──────── Information provided ────────
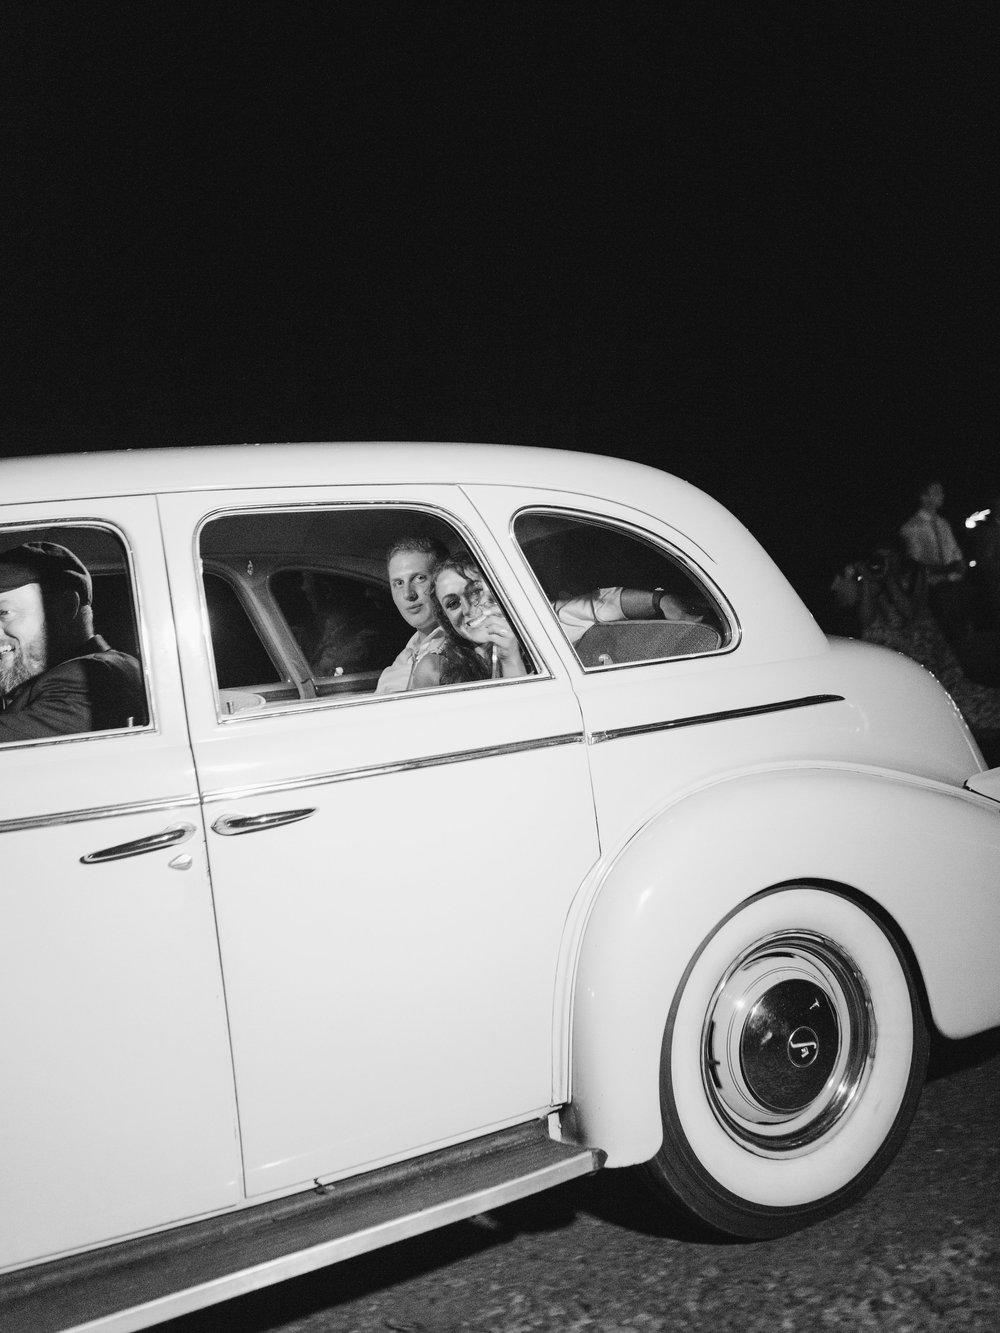 jessica-zimmerman-events-arkansas-wedding-exit-vehicle.jpg
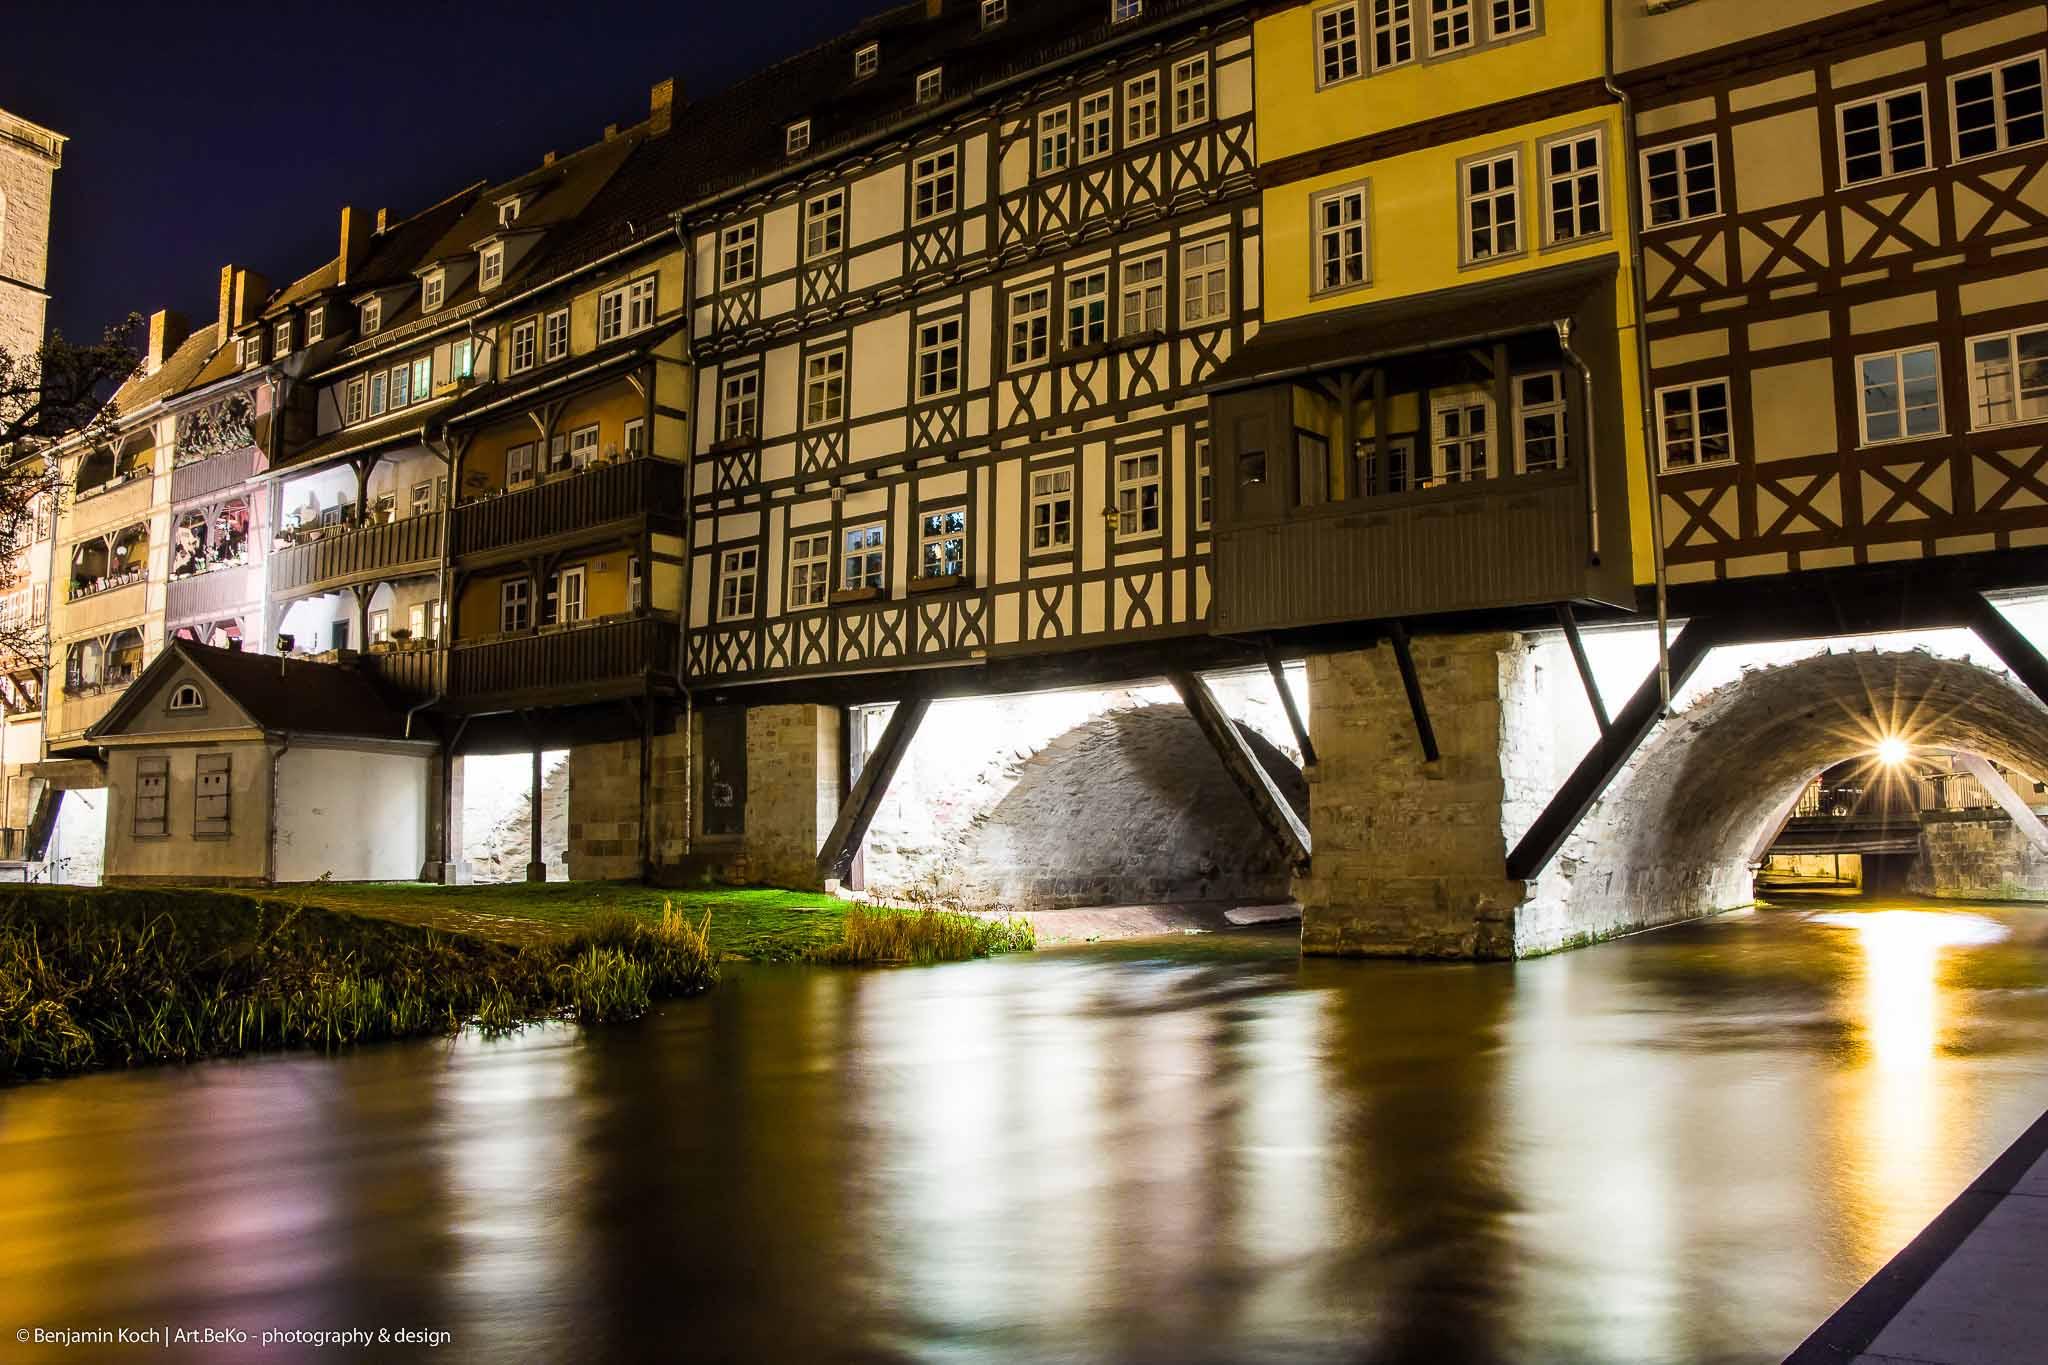 Fotografie Langzeitbelichtung Krämerbrücke Erfurt
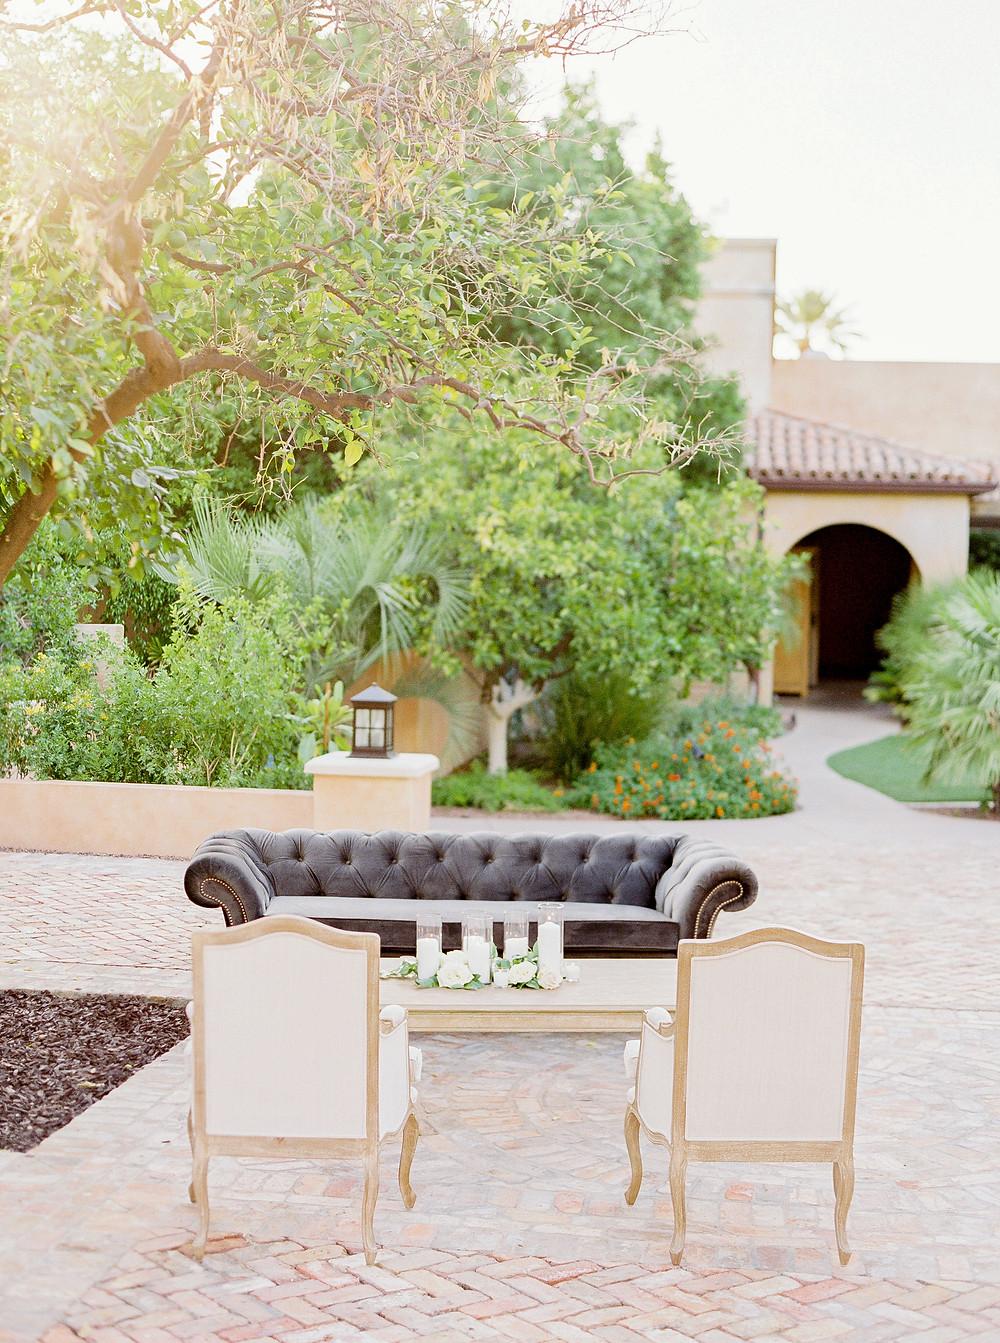 Royal Palms Wedding, Reception Details, Lounge Furniture
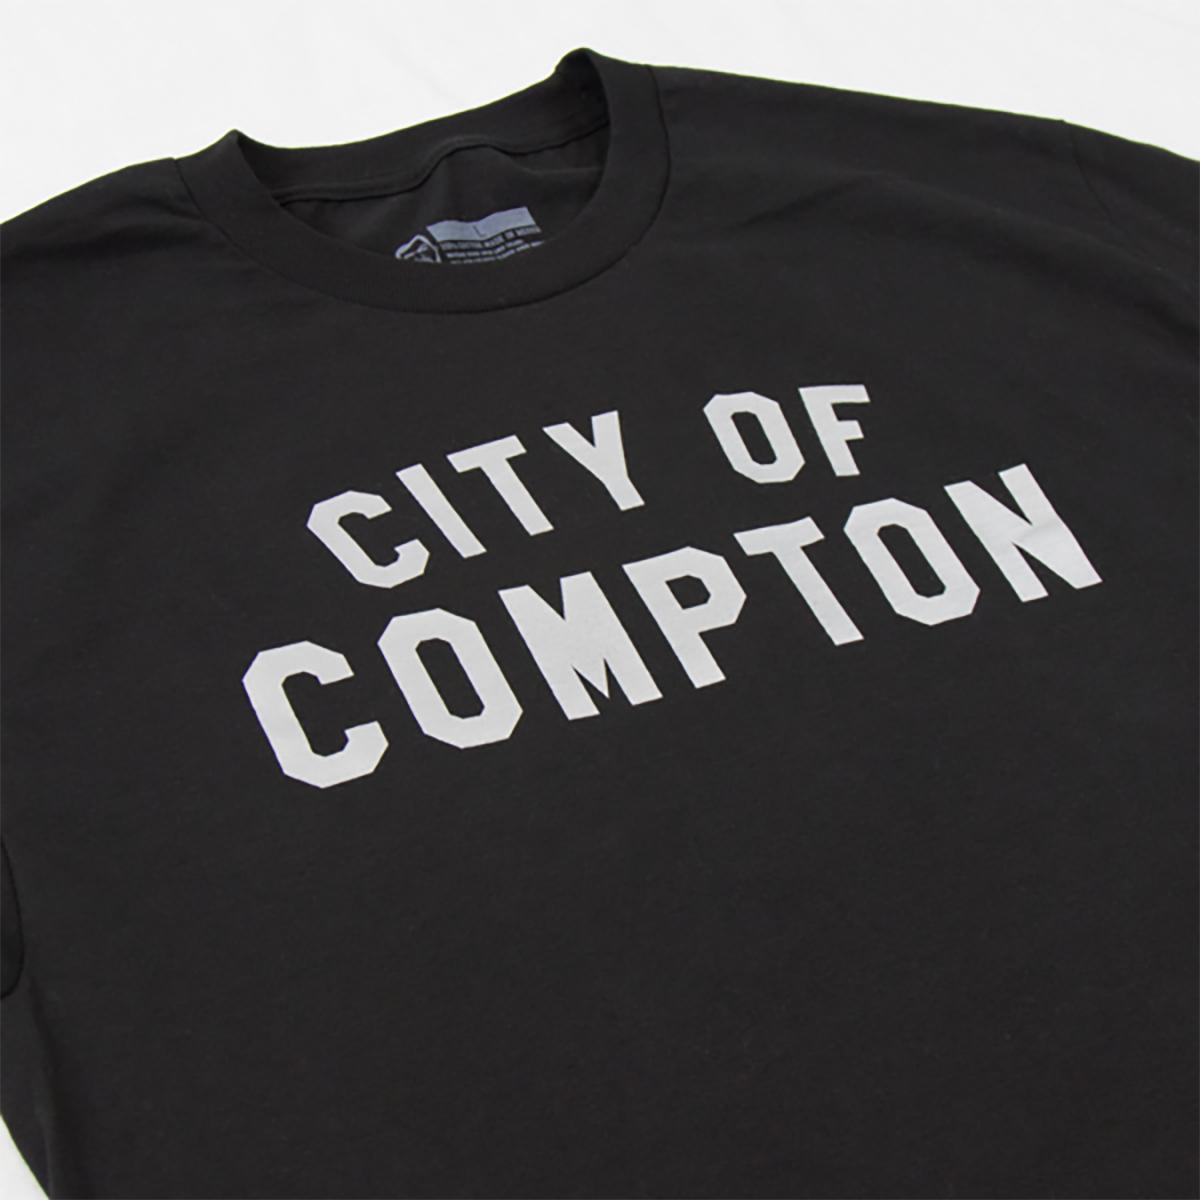 3M Reflective City of Compton Tee
────────
What the exercise asks - The required output is each line above restated verbatim, with all images omitted.

Exercise solution -
 jessica-zimmerman-events-arkansas-wedding-exit-vehicle.jpg
 Fotografie Langzeitbelichtung Krämerbrücke Erfurt
 Royal Palms Wedding, Reception Details, Lounge Furniture
 3M Reflective City of Compton Tee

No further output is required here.